A tool like ANTLR requires you to write a grammar describing the language in its own format. Parser combinator libraries instead allow you to create a parser directly with code in your favorite language. You build a parser by combining different pattern matching functions, that are equivalent to grammar rules.
They are integrated in your normal workflow and take full advantage of your IDE’s functionality. They are a good fit for this use case because they work well with context-sensitive parsing. It is quite easy to pick a parsing combinator depending on the code you are reading. For example, imagine you are trying to parse this piece of our previous custom log example.
Arguments: [1/2] 5 [2/2] text Software: Magic Library v1.2.3
It is very easy to read the first line with an argument and then decide whether to parse the next line as an argument or as the Software line depending on the numbers between the square brackets.
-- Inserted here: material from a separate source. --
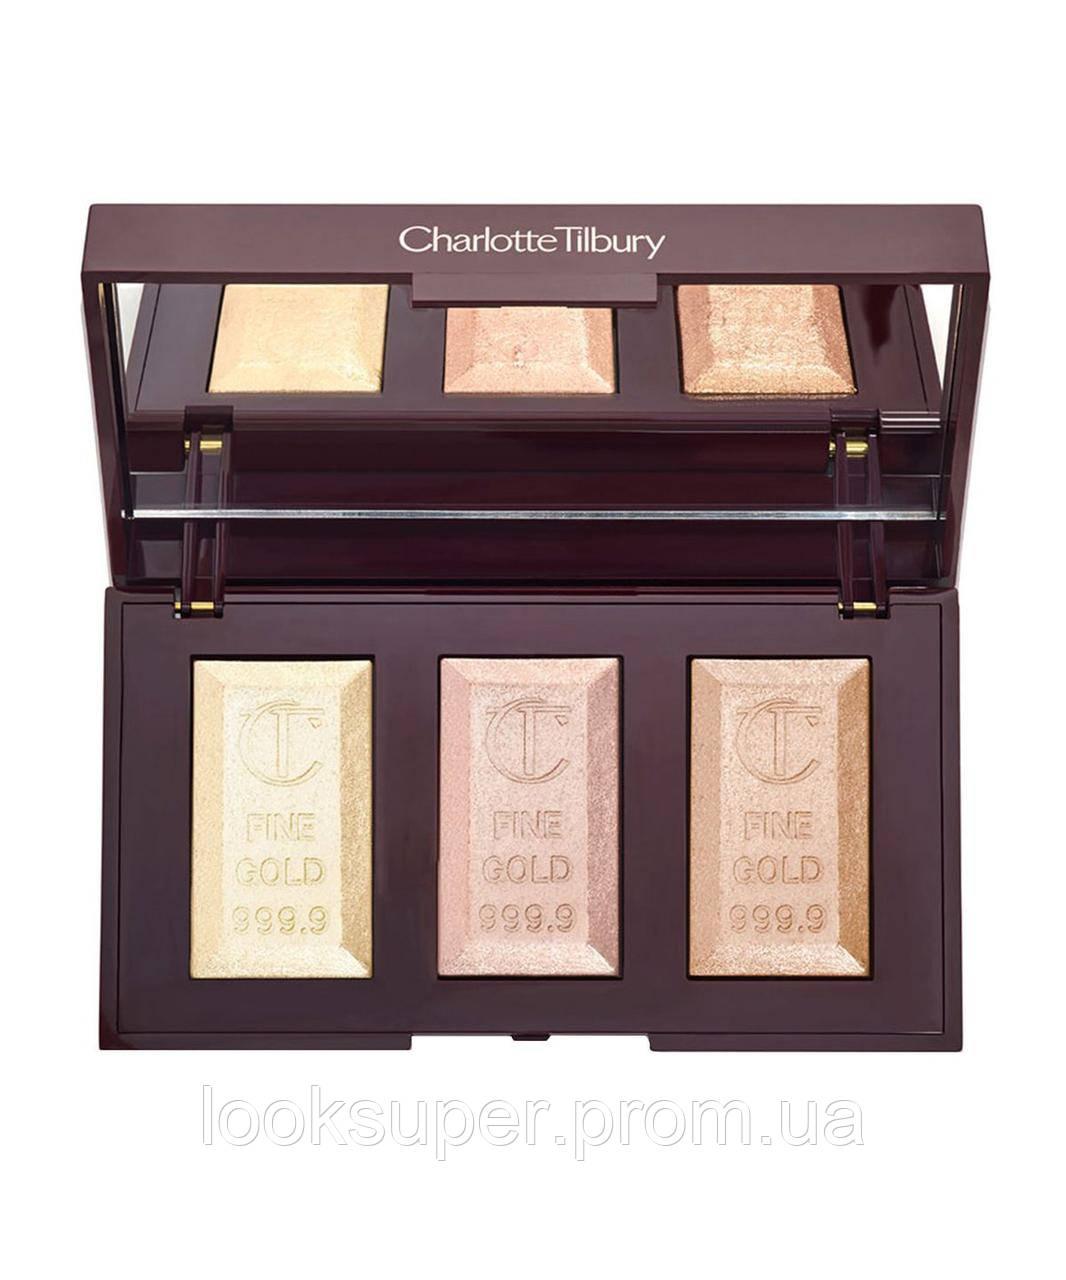 Палетка хайлайтеров Charlotte Tilbury Bar of Gold Palette (3 x 2.5g )
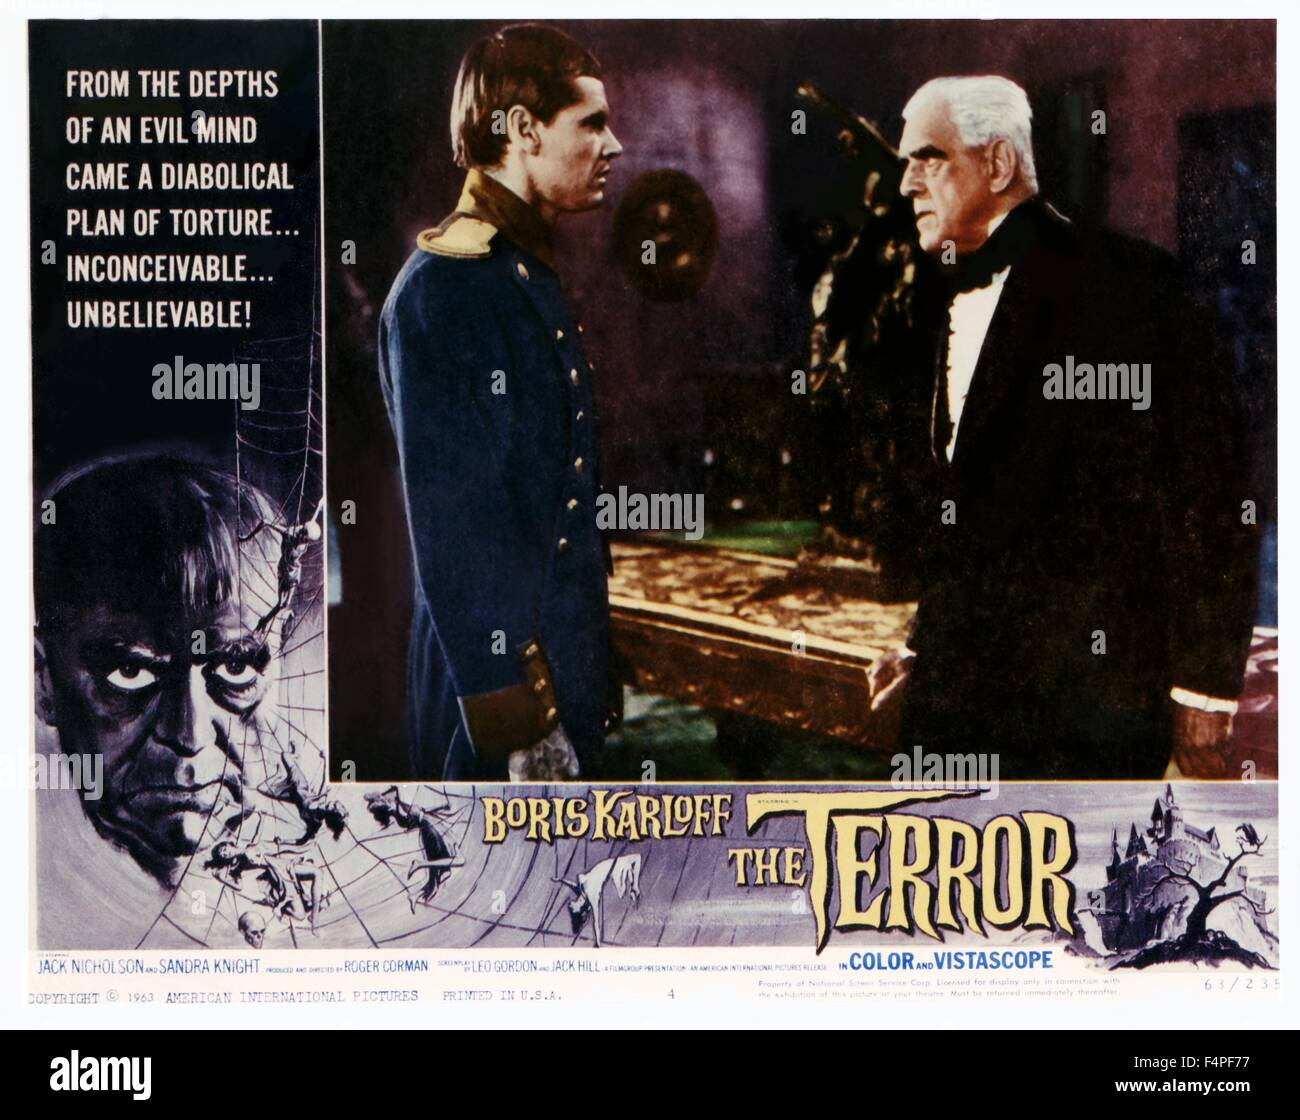 Jack Nicholson and Boris Karloff / The Terror / 1963 directed by Roger Corman - Stock Image

With Sprache, you could create something like this parsing rule.
public static Parser<Argument> Argument = from start in Parse.Char('[') from index in Parse.Digit.AtLeastOnce().Text() from separator in Parse.Char('/') from total in Parse.Digit.AtLeastOnce().Text() from end in Parse.Char(']') from value in Parse.LetterOrDigit.Or(Parse.WhiteSpace).Many().Text() select new Argument(int.Parse(index), int.Parse(total), value);
Then, you would just need to compare the value of
Argument.Total to understand whether to parse the next line as an argument or as a software line.
In this article, we have analyzed the issues in parsing log files. On one hand, they are too simple to make good use of parsing tools, so you get the overhead without the advantages. On the other hand, there are often already powerful services that can handle log files and support the needs of system administrators.
You might need to build your own parser for log files when you have a custom format for an application and need to extract some data from it. We have seen how this can be a great use case for using parsing combinators. Using one of them you can probably parse any log file with readable and efficient rules.